There is growing talk that volatility targeting and risk parity are the dangerous new “portfolio insurance” strategy of the decade. The view in the post-’87 crash period was that portfolio insurance sowed the seeds of market destruction by creating a market decline feedback loop. Portfolio insurance, as an option replication strategy, automatically increased risk exposure in up markets and cut exposure in down markets in order to form an option-like pay-off of returns. The feedback loop meant that a market sell-off would be exacerbated as equity prices declined. Selling would only lead to more selling as the insurance adjust kicked-in. This came to a head in the ’87 crash as portfolio insurance strategies generated wave upon wave of selling in a down market. Given the systematic behavior in an illiquid market, portfolio insurance sellers became a bigger portion of futures index trading. Whether cause or contributor, portfolio insurance was never the same after October 1987 and there is now a fear of other strategies or algorithms that may have feedback loops to further a market decline.

Risk parity and volatilities strategies have feedback loops that may exacerbate a market sell-off tied to changes in volatility. The idea is simple, albeit different from portfolio insurance. If there is an increase in volatility for strategies that have a volatility target, there will have to be a cut in positions. Similarly, if there is risk parity across a set of assets, an increase in equity volatility will lead to a selling of equity exposure relative to other markets. Hence, volatility increases will lead to a market sell-off that could further lead to volatility increases that will then contribute to further selling.

This is a good story that should be a concern, but it is still just a story. It is true but it is a matter of significance. It needs to be translated into numbers and market impact. The impact or feedback associated with the story is related to the size of selling relative to the size of the market. We can form a measure of size through a simple model.

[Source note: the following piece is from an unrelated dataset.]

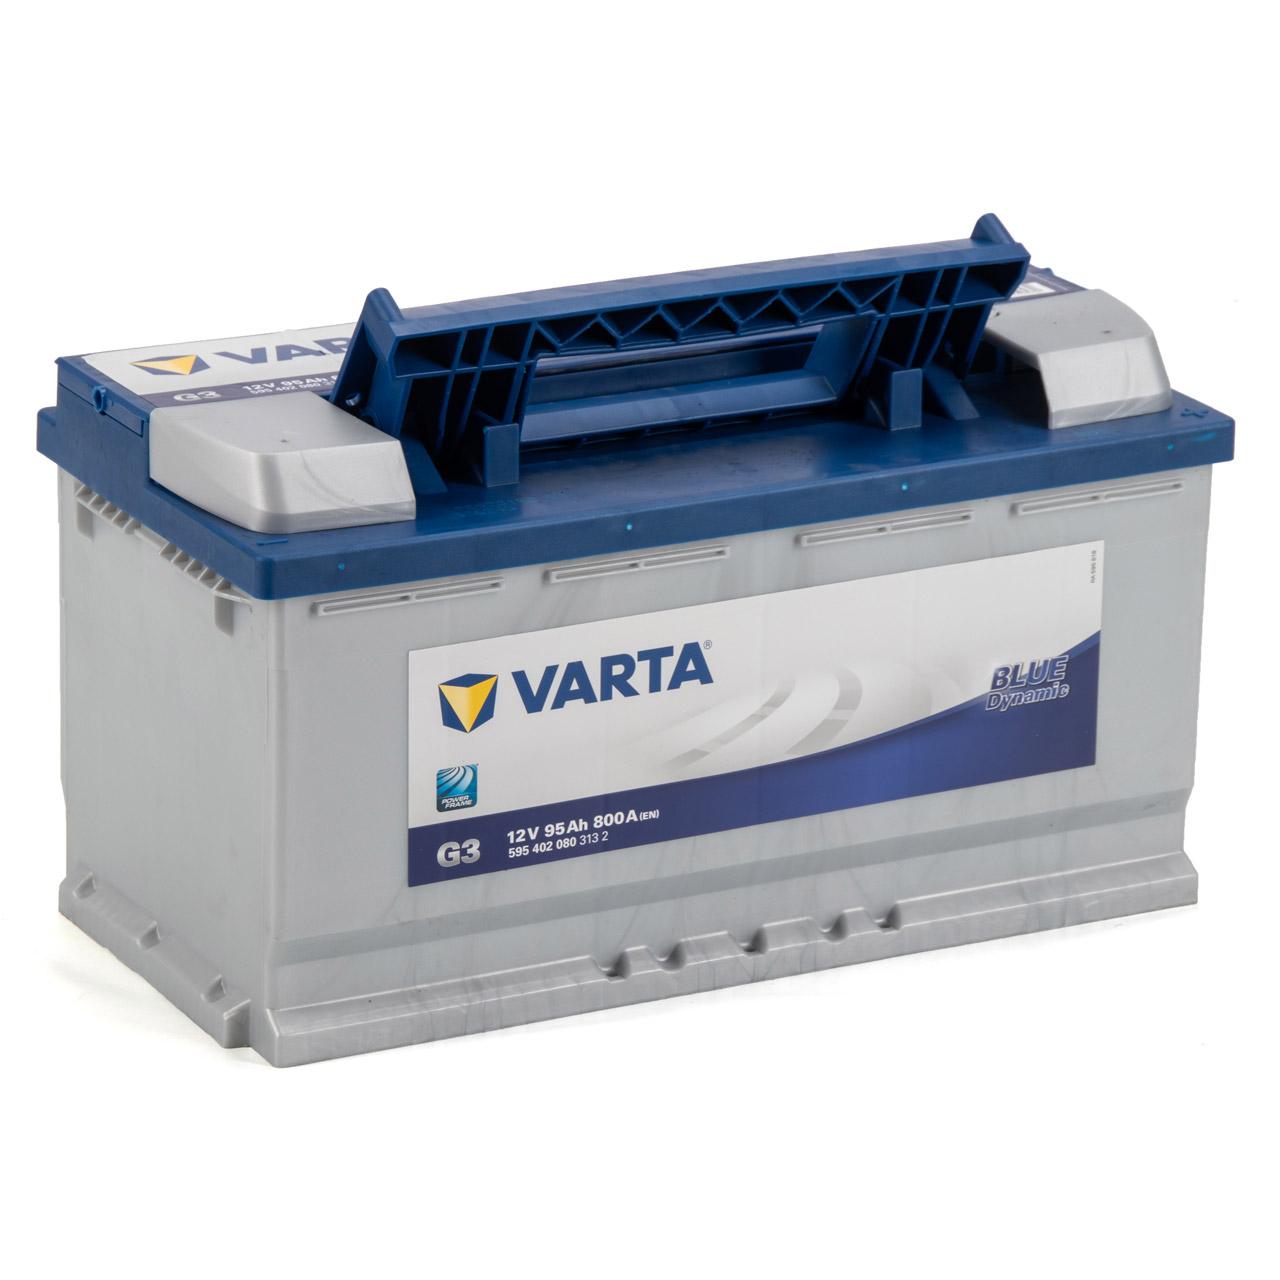 VARTA BLUE dynamic G3 Autobatterie Batterie Starterbatterie 12V 95Ah 800A

Let’s assume that an investor wants to target a 60/40 stock/bond blend at 8% using mini-SPY contracts and Treasury (TY) note contracts. The current combination will generate volatility of 5.98% using volatility for 9% for equities and 5.25% for bonds and a correlation of .1. The portfolio volatility would be lower if the stock/bond correlation is negative.

We can calculate the number of futures necessary to replicate this 60/40 mix per $100 mm. The portfolio will have to levered by 164 equity and 147 bonds contracts per $100 mm to go from a 5.98% vol to an 8% vol target. If the volatility for stocks and bonds both increase by 1% point and correlation stays the same, there will have to be a selling of 72 equity and 64 bond contracts per $100 mm. Therefore, for this simple volatility targeting program, we can determine that there will be a change of 720 equity mini-contracts per billion dollars to hit the portfolio target. This would be .17% of daily volume given about 414,000 equity index contracts per day. You would need about $6 billion of equity exposure or about $10 billion in 60/40 volatility target programs to represent about 1% of daily volume. This tells us the sensitivity in contracts and dollars of exposure to a change in volatility. If volatility increases significantly, the selling pressure would be even greater.

So how much is in volatility targeted programs?

That is the critical question. If the answer is $100 billion, then an adjustment of 1% higher equity volatility will be 10% of daily volume if the adjustments are all made at the same time. Of course, this is from a very simple stylized example.

Is this volume from volatility adjustment strategies enough to create a feedback loop? I don’t know. But, it gives us a better idea of what can be be expected if we know the extent of trading. We do know that some hedge funds may have tens of billions tied to volatility adjustments.

Of course, we know that market liquidity is elusive. It will not be present when we need it. We can count on the discipline of models. We cannot count on volume on the other side of these trades.